# [SOLVED] BSOD Win7 ci.dll



## uly

Hello, I've just had the BSOD from ci.dll error, and now my Win7 boots into an infinite recovery loop. As I've updated to SP1, my pre-SP recovery disc no longer works.

As I don't have access to another computer that can burn a new recovery disk, I'd like to request that someone upload a copy of ci.dll. The specific version I need is Win7 SP1 x64, (Ultimate Ed. Tho not sure if this matters).

Of course, if there is another way to fix this, I'd be happy to try, too. I have an [email protected] disc that allows me to manipulate most files on the drive. I have also the pre-SP retail Win7 ultimate disc. I have tried auto repair, system restore and SFC (which refuses to run), but none have helped. I also have this iPhone thing that allows me to download files onto a USB key, with which I plan to transfer the ci.dll file.

Many thanks in advance!


----------



## Jonathan_King

*Re: BSOD Win7 ci.dll*

Hello,

Boot from the disc, open a command prompt, and run:


Code:


chkdsk /r

I don't know what all is on that disc you have, so you may create a new recovery disc. Do you have any friends that own computers? How about the local library; not sure about Germany, but at least where I live, the public libraries have a few computers people can use. Even if it's not Windows 7, as long as it has a CD burner, you can burn the appropriate ISO: System Repair Disc - Create - Windows 7 Forums

However you can, try to run the Startup Repair feature from the disc. You may have to run it a few times for it to work.

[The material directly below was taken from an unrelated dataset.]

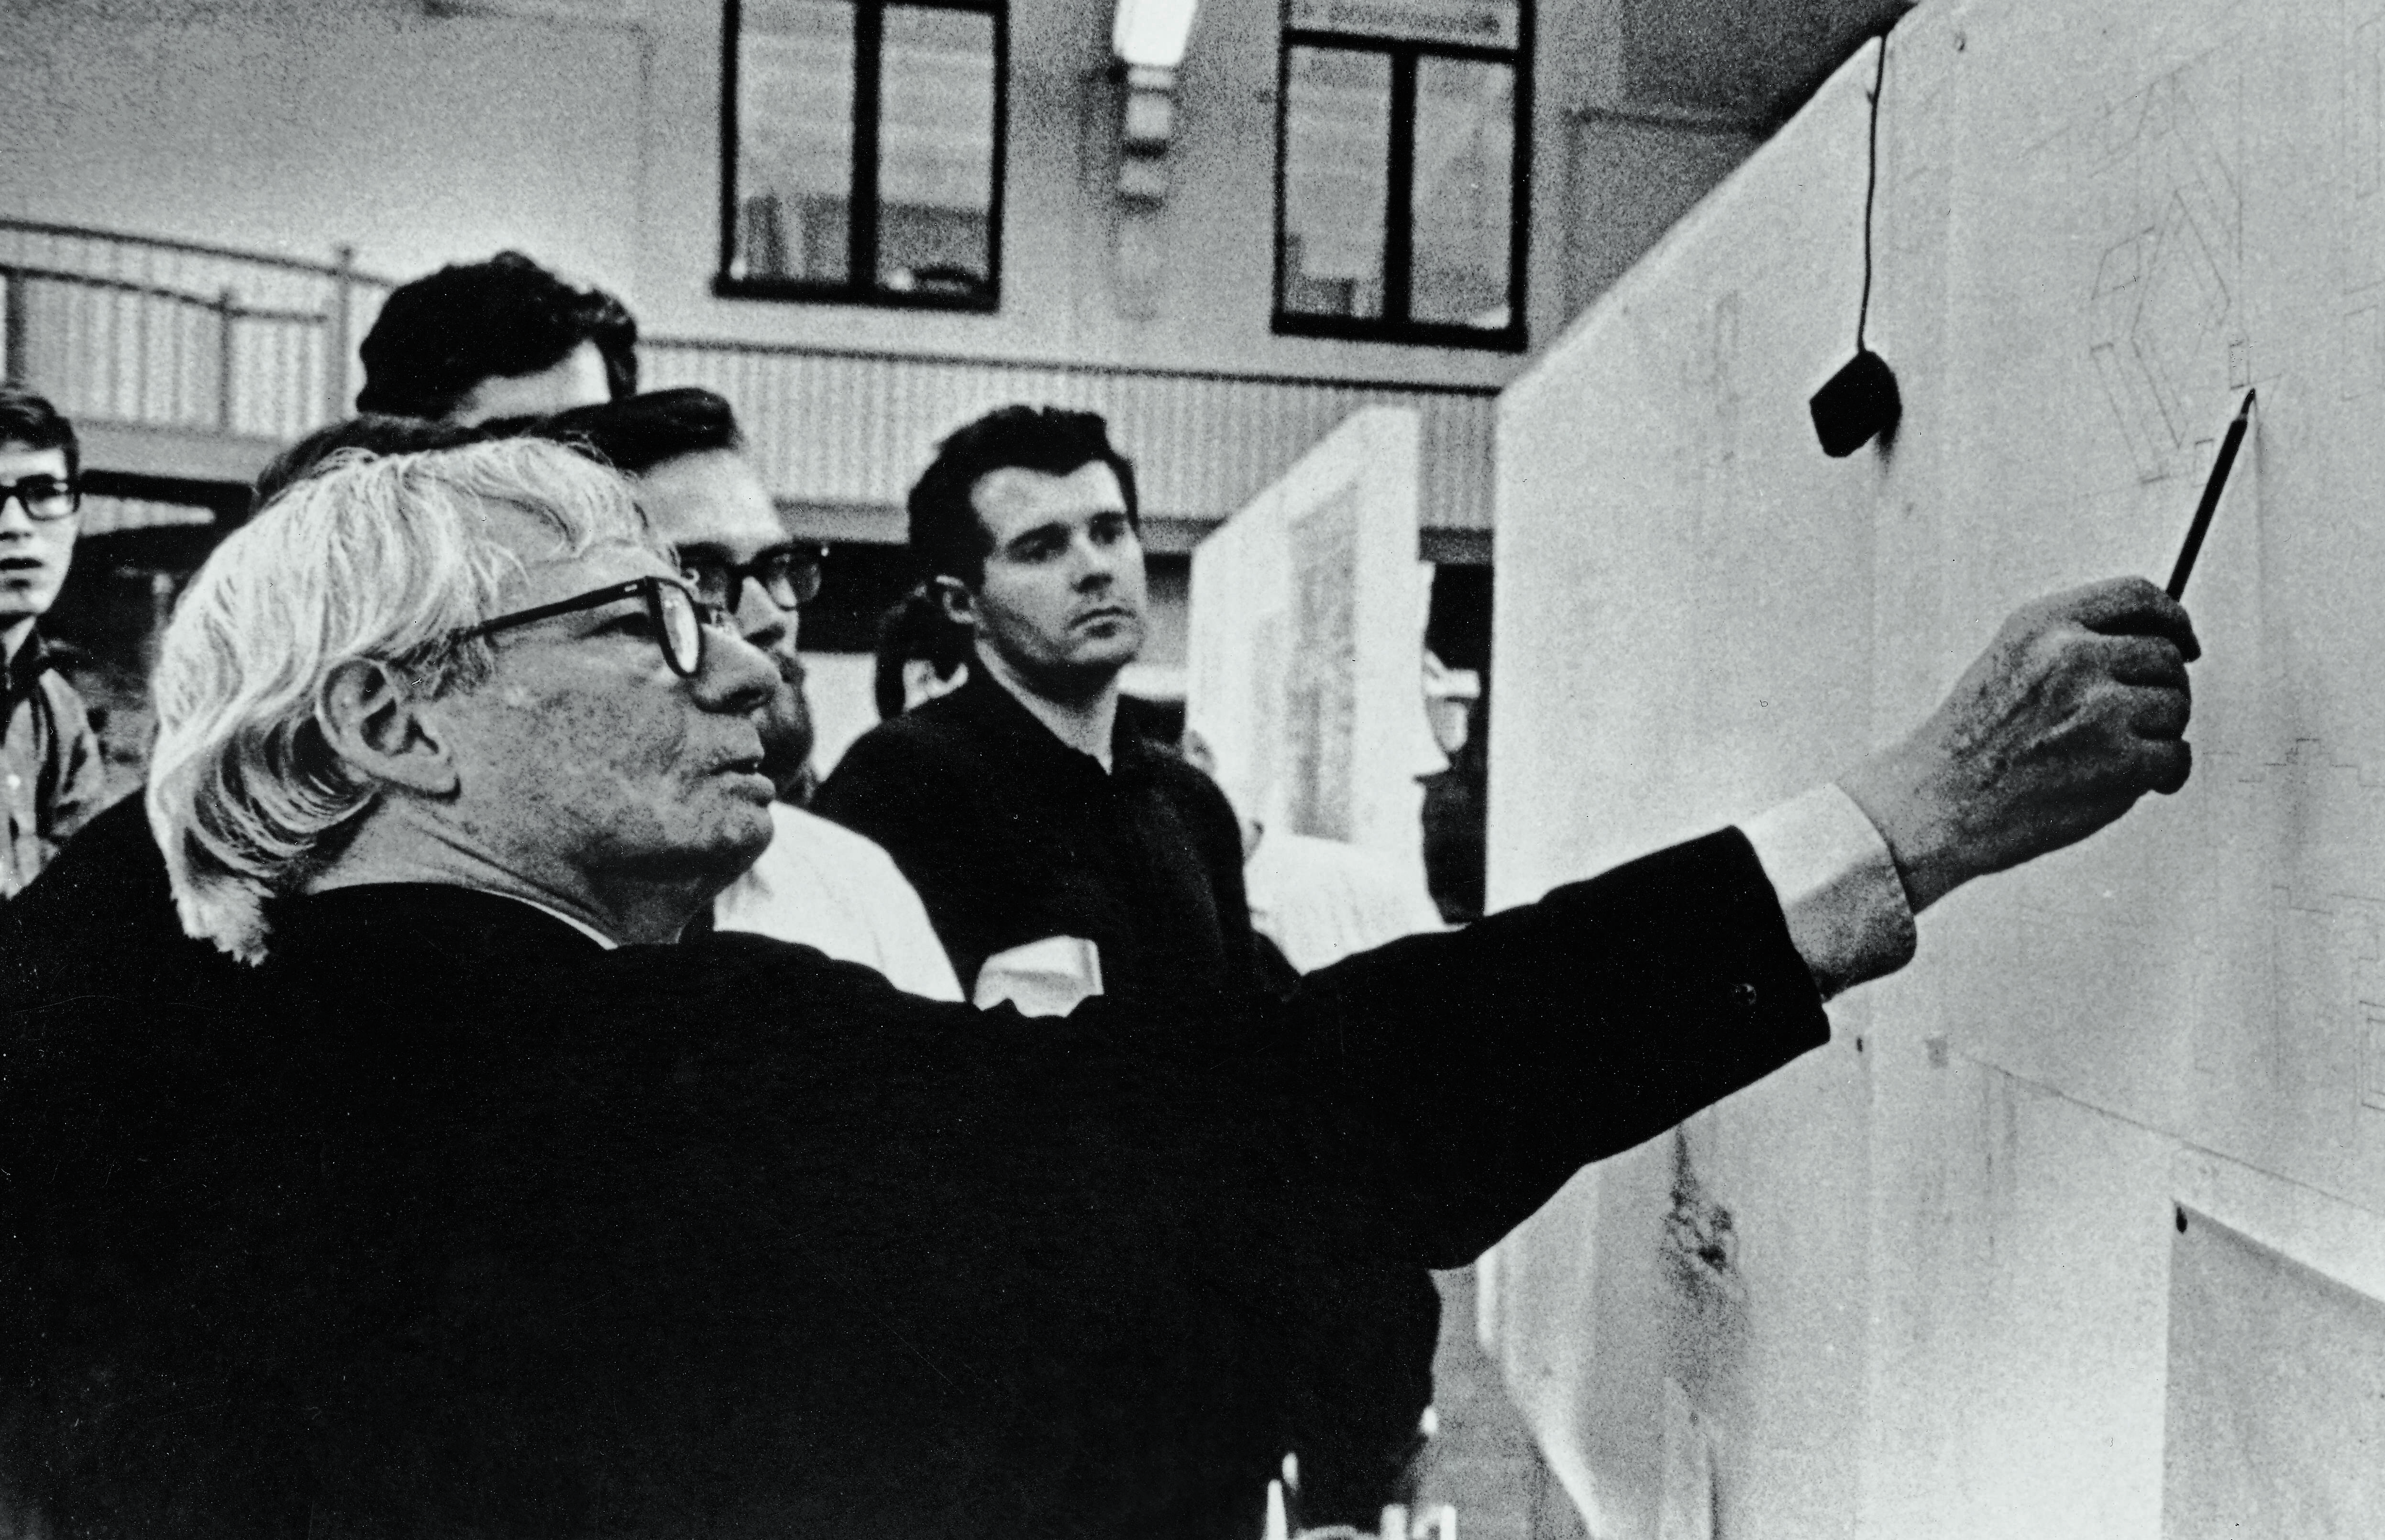 The studious Louis Kahn

You might also try removing all but 1 stick of RAM, in case a module is bad. If the problems still persist, try running with just one of the others.


----------



## uly

*Re: BSOD Win7 ci.dll*

I already ran disk and mem scans and there were no errors. I can borrow a computer, but not immediately, and even later for a comp that can burn cd's. This is why I thought it'd be quicker to request the file.

I will try the neosmart recovery disc when I borrow the computer. But one question: the Neosmart recovery disc seems to be made for vanilla Win7, will it work for SP1 as well?


----------



## Jonathan_King

*Re: BSOD Win7 ci.dll*

Yes, those discs should work for SP1 and SP0. 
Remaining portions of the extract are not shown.